Hmmmm. Do I detect a bit of innuendo here?


Of course, what else would you expect from the company that introduced the first one-step home hair-color formula five years earlier with this memorable teaser:


The 1969 ad at top, for a coloring formula with deceptive but irresistible name, "Born Blonde," foregoes that coy innuendo of an earlier era for a more leering come-on befitting the late-'60s sexual revolution (complete with the faux-psychedelic typeface of the free-love generation). As Wikipedia explains,
"In contemporary popular culture, it is often stereotyped that men find blonde women more attractive... Anita Loos popularized this idea in her 1925 novel, "Gentlemen Prefer Blondes."
(And of course, it helps when the film adaptation of said novel starred Marilyn Monroe.)

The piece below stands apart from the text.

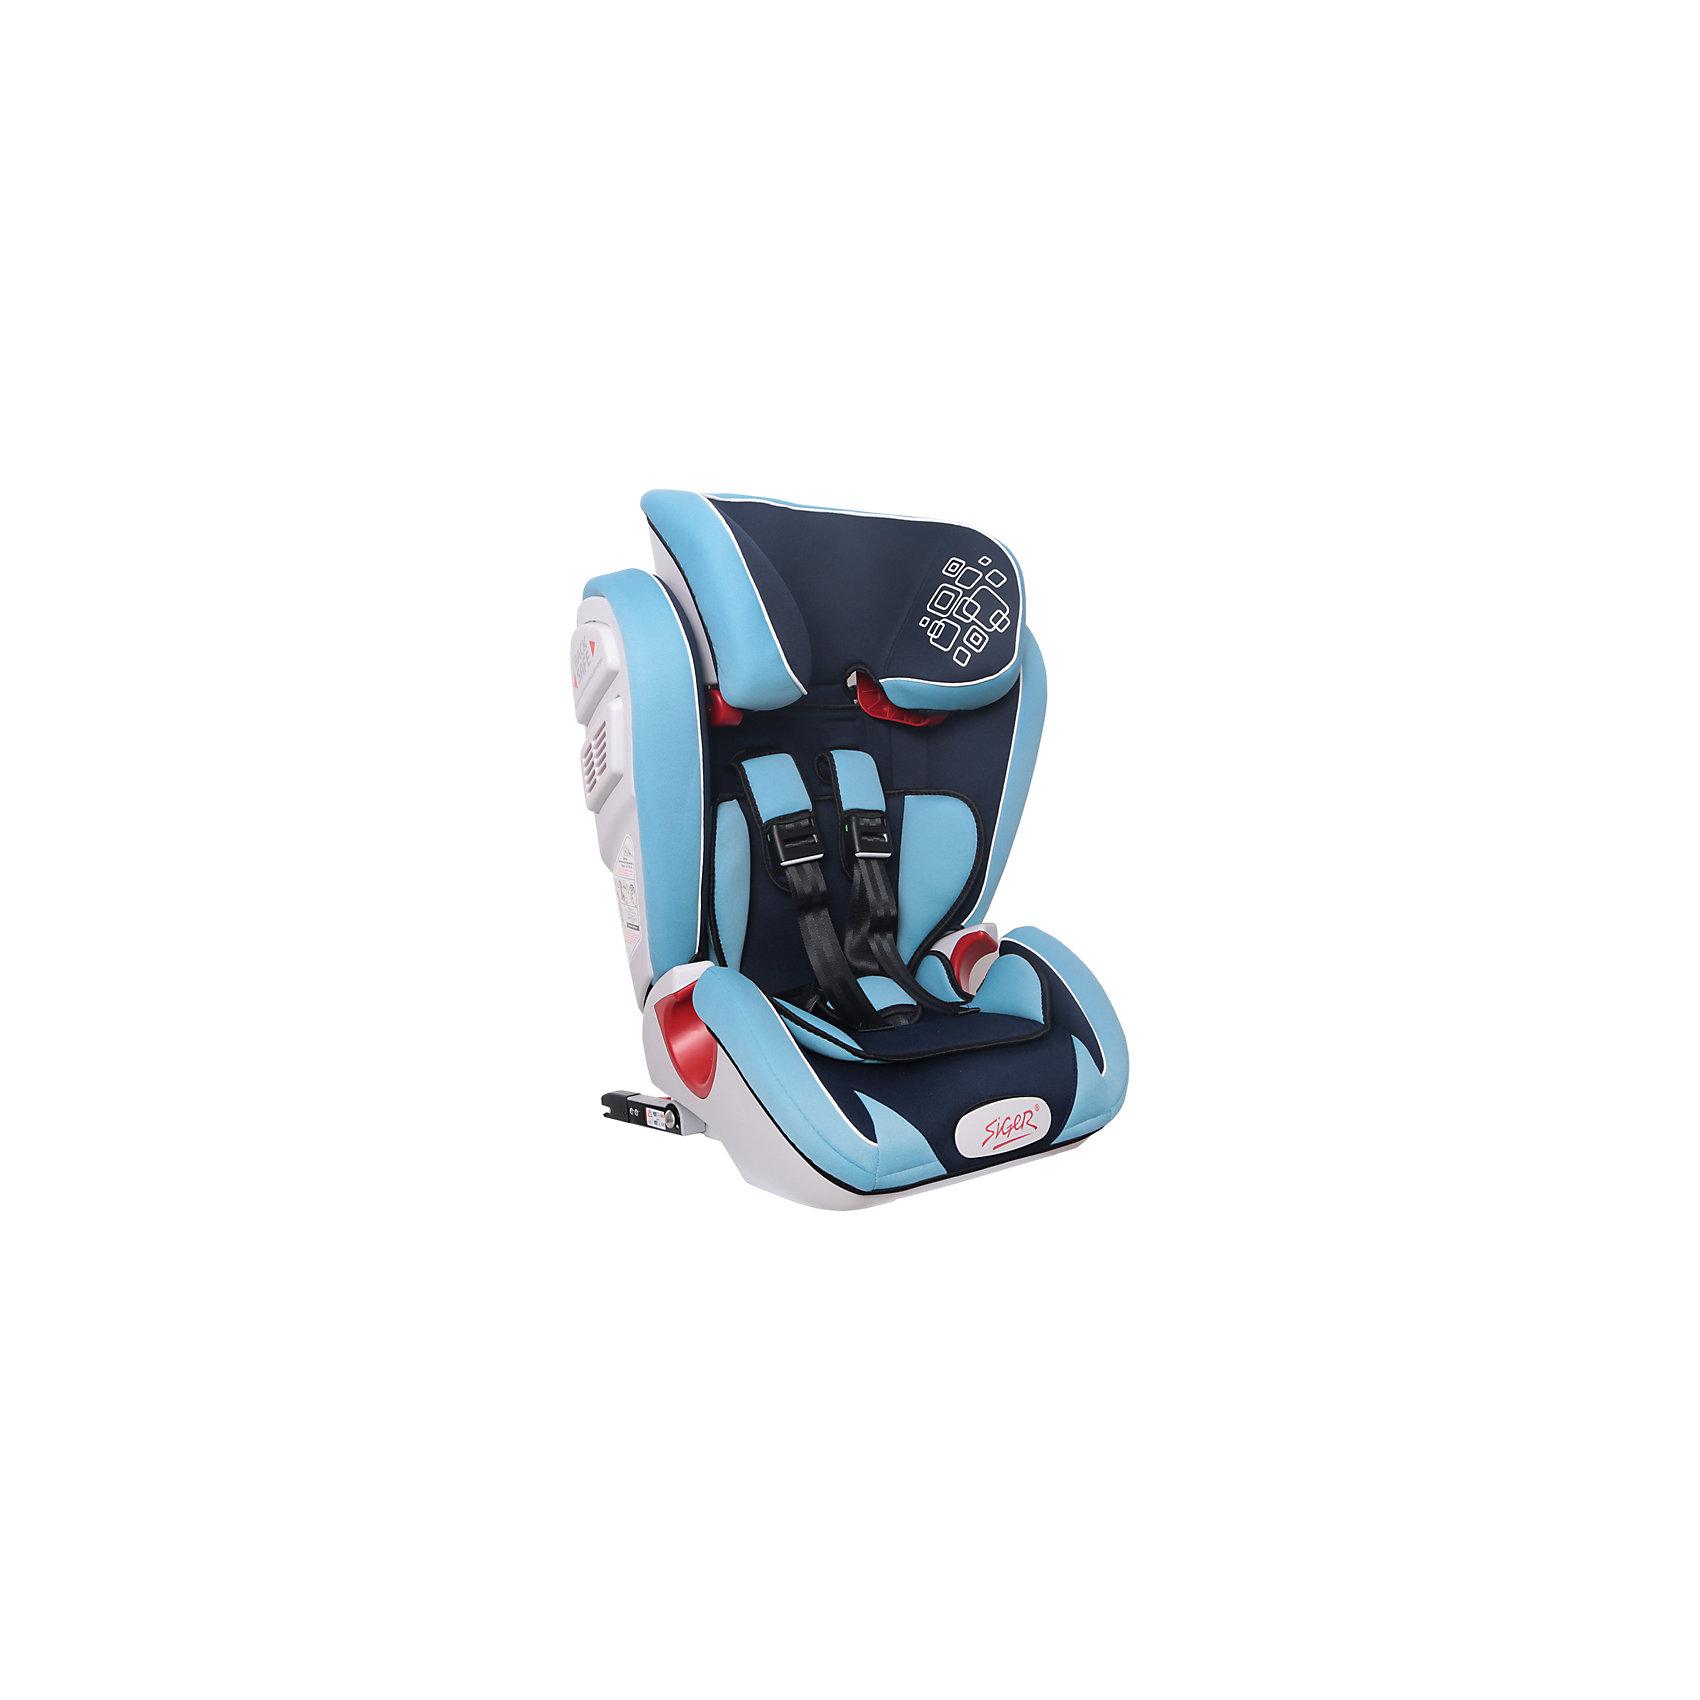 Автокресло Siger Индиго Isofix 9-36 кг, синийГруппа 1-2-3 (От 9 до 36 кг)<br>Характеристики:<br><br>• группа: 1/2/3;<br>• вес ребенка: 9-36 кг;<br>• возраст ребенка: от 1 года до 12 лет;<br>• способ крепления: Isofix;<br>• способ установки: по ходу движения автомобиля;<br>• 5-ти точечные ремни безопасности, регулируются по длине и высоте;<br>• анатомическая форма кресла;<br>• вкладыш для годовалого ребенка;<br>• регулируемый по высоте подголовник;<br>• усиленная защита от боковых ударов;<br>• чехол снимается и стирается при температуре 30 градусов;<br>• материал: пластик, полиэстер;<br>• размер автокресла: 51х43,3х63,4 см;<br>• вес автокресла: 8,3 кг.<br><br>Автокресло группы 1-2-3 предназначено для детей в возрасте от года до 12 лет. Автокресло устанавливается на заднем сидении автомобиля лицом по ходу движения автомобиля, крепится с помощью системы Изофикс. Кресло универсальное: и годовалому крохе будет уютно в кресле, и подросток будет чувствовать себя комфортно – благодаря анатомической форме кресельной чаши, широким боковинам, регулируемому подголовнику, вкладышу для малышей. <br><br>Автокресло Индиго Isofix 9-36 кг., SIGER, цвет синий можно купить в нашем интернет-магазине.<br><br>Ширина мм: 430<br>Глубина мм: 511<br>Высота мм: 631<br>Вес г: 8300<br>Возраст от месяцев: 12<br>Возраст до месяцев: 144<br>Пол: Мужской<br>Возраст: Детский<br>SKU: 5409379

Clairol took that idea of the special appeal, and really ran with it, with headlines like "If I have only one life, let me live it as a blonde." and this one, which, later switched to a declarative sentence, remains embedded in our popular culture: "Is it true blondes have more fun?"

(By the way, that's '60s supermodel and '70s TV actress, Susan Blakely, in the paisley scarf -- a natural blonde apparently, but never mind. You can see a video retrospective of her modeling career and other ads she appeared in here.)

Comments

Paul Duca said…
Just discovered your site, thanks to your comment on Ken Levine's. I see myself coming here often.

Don't forget, it was a woman copywriter, Shirley Polykoff, who coined both "Does She or Doesn't She?" and "Only Her Hairdresser Knows for Sure"

Also...when LIFE magazine resisted publishing a "Does She" ad, Clairol challenged them to prove their claims of salaciousness. The magazine put the ad before a review board. None of the women on it felt it had sexual overtones, but all the men did
(LIFE ultimately ran the ad).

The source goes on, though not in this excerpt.